The melting Arctic ice caps are making it difficult for polar bears to hunt for their main prey, forcing them to turn inland to prey more and more on the eggs of breeding birds.

Birds' eggs have always been part of the polar bear's diet during the summer breeding season, but researchers have found that as the summer sea ice season shortens each year, more and more polar bears and their young show up at coastal areas much earlier to feed on the eggs of the barnacle goose, glaucous gull, and elder duck, as well as the pink-footed goose located further inland.

Ornithologist Jouke Prop of the University of Groningen in the Netherlands says that as the summer sea ice season shortens by 3.5 days each year, polar bears arrive at the colonies three days earlier each year. This is based on information gathered from NASA satellite images of the extent of the melting ice in Greenland and Svalbard, Norway and on-the-ground observations of bird colonies in the areas.

Prop says polar bears also arrive at the coastal areas about a month earlier than they have been since the 1970s, a change that could toll the death knell for Arctic colonial birds, the researchers believe.

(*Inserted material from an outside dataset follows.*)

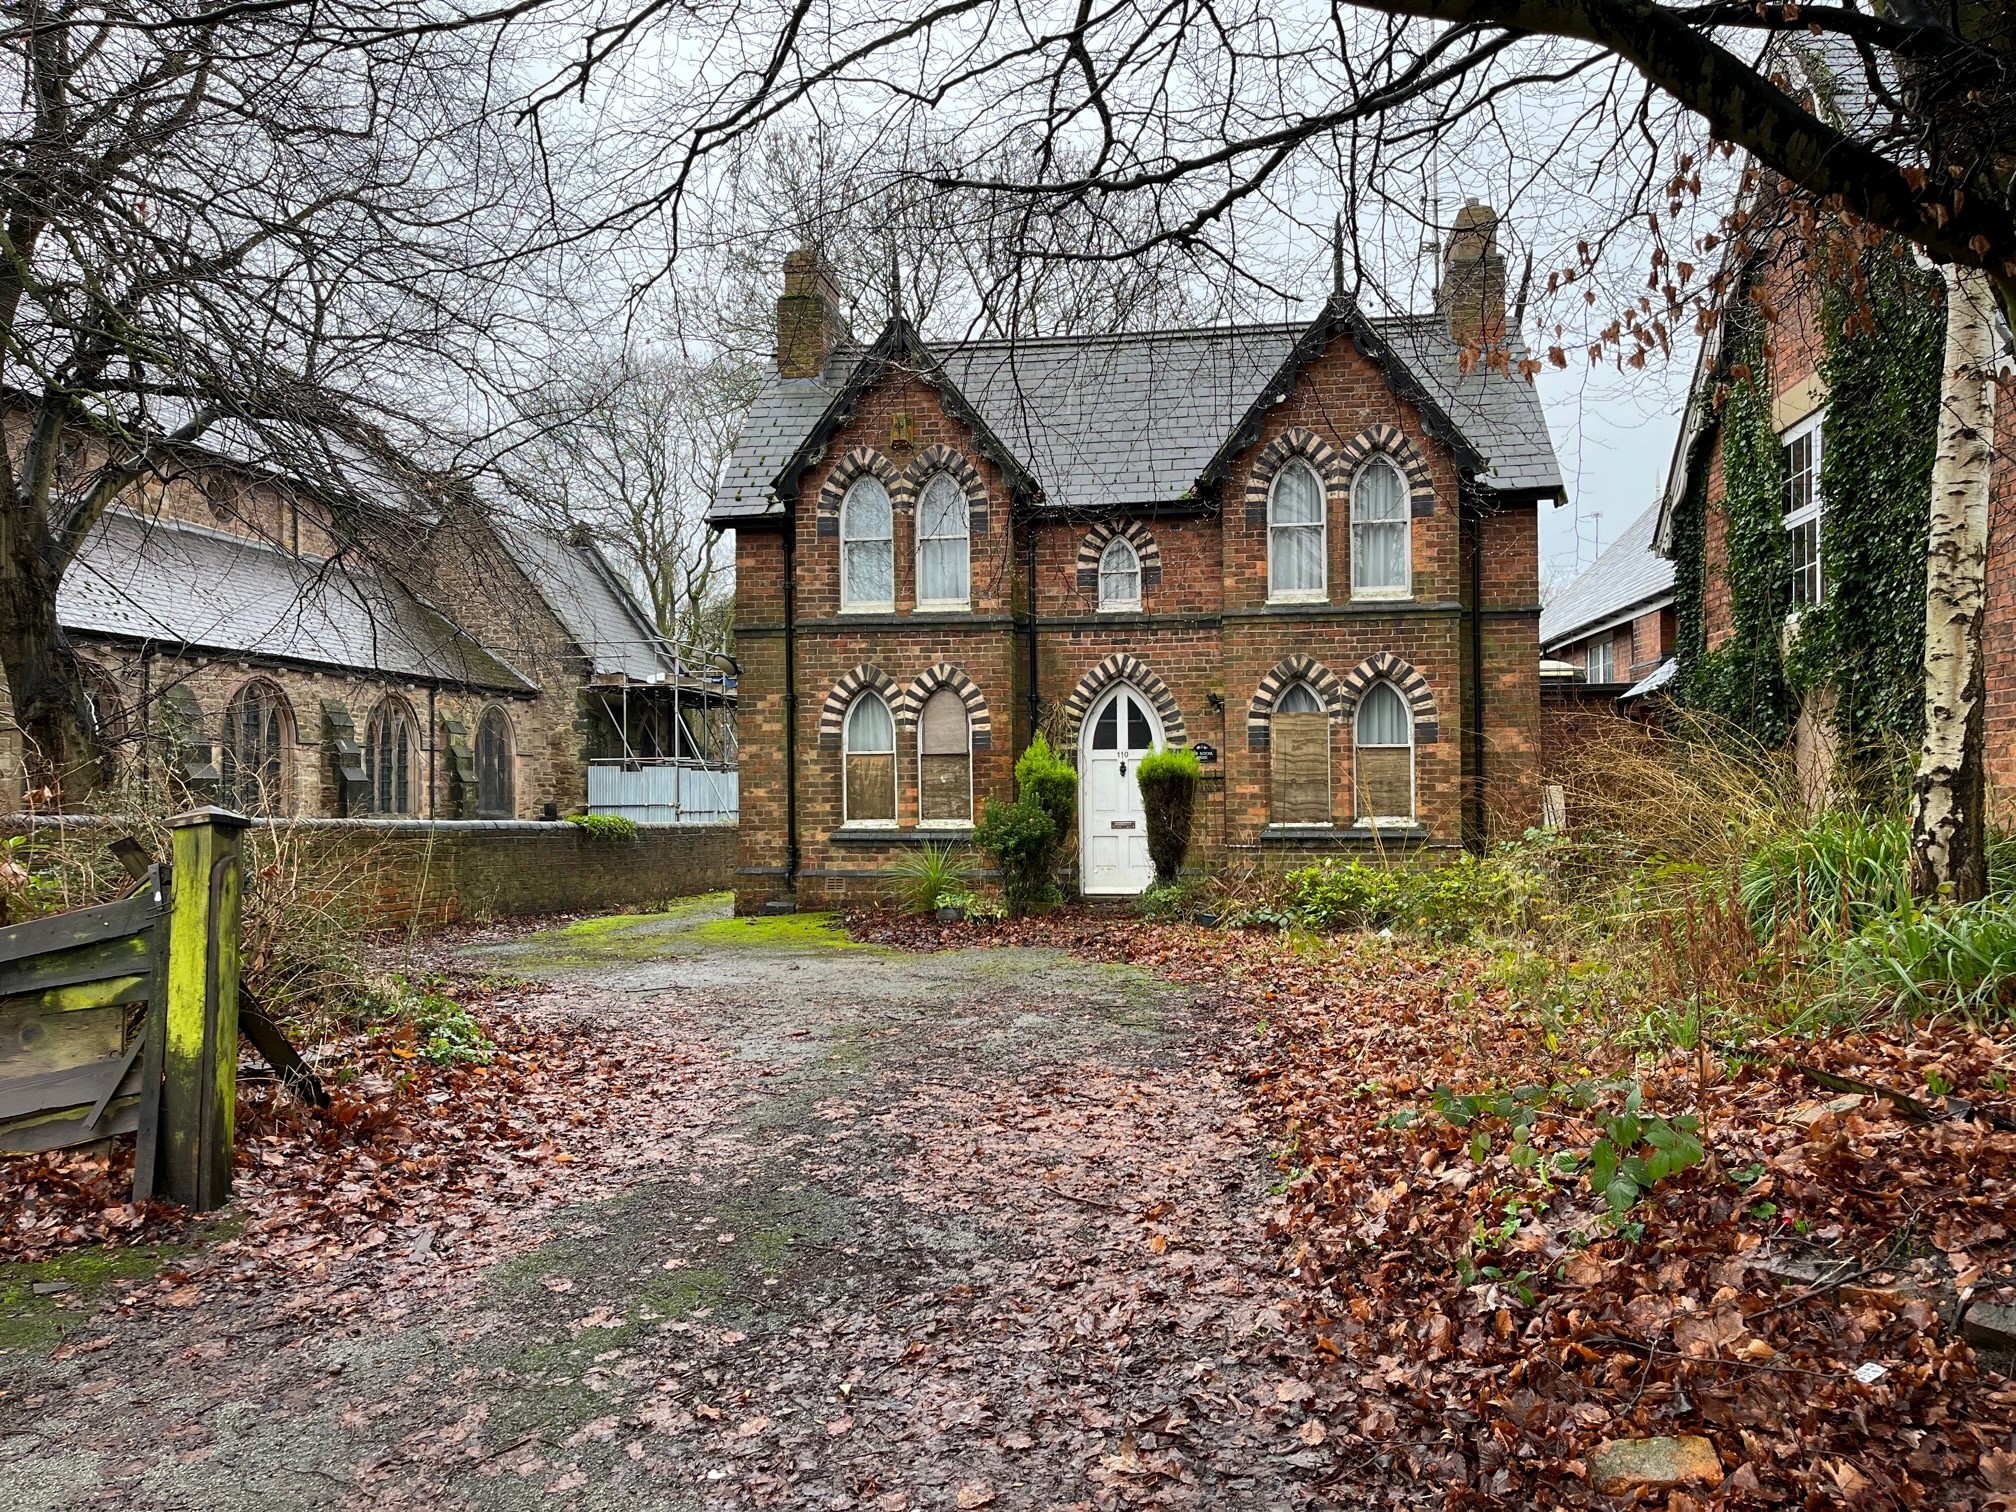 The Old School House, in Somercotes, will go to auction in January 2023

"When a new predator enters the scene, the delicate balance between predators and their prey may be perturbed," Prop told the Daily Mail. "Polar bears colonizing coastal areas, from which they have been absent for a long time, is an example of this situation."

Although the several dozens of polar bears that prey on birds' eggs earlier each year comprise a small set of the polar bear population, the researchers call the predation "severe."

In Nordenskioldkysten in Svalbard, where Prop and his team first observed the polar bears feeding on birds' eggs earlier than they used to, Prop says a single polar bear can devour up to 200 unhatched eggs for two hours on average, although they have seen some bears eating as many as 1,000 eggs in the same amount of time, before sleeping for up to 16 hours and waking up for another meal of the same size.

In other locations, such as Belsund, Kongsfjorden, and Hornsund on Svalbard and Traill Island in Greenland, Prop says polar bears fed on all but some 10 percent of the eggs in 2014.

However, while the bears' new feeding habits may currently be detrimental to the seabird populations in the area, other scientists believe the polar bear will crash harder in the long run.

"This paper ties it all together and shows a very clear relationship between the disappearance of sea ice and increasing predation intensity of seabirds," said Arctic ecologist and polar bear scientist Andrew Derocher of the University of Alberta. "What we're seeing is probably a very transient effect on these seabird populations."

The results of the new study are published in the Frontiers in Ecology and Evolution journal.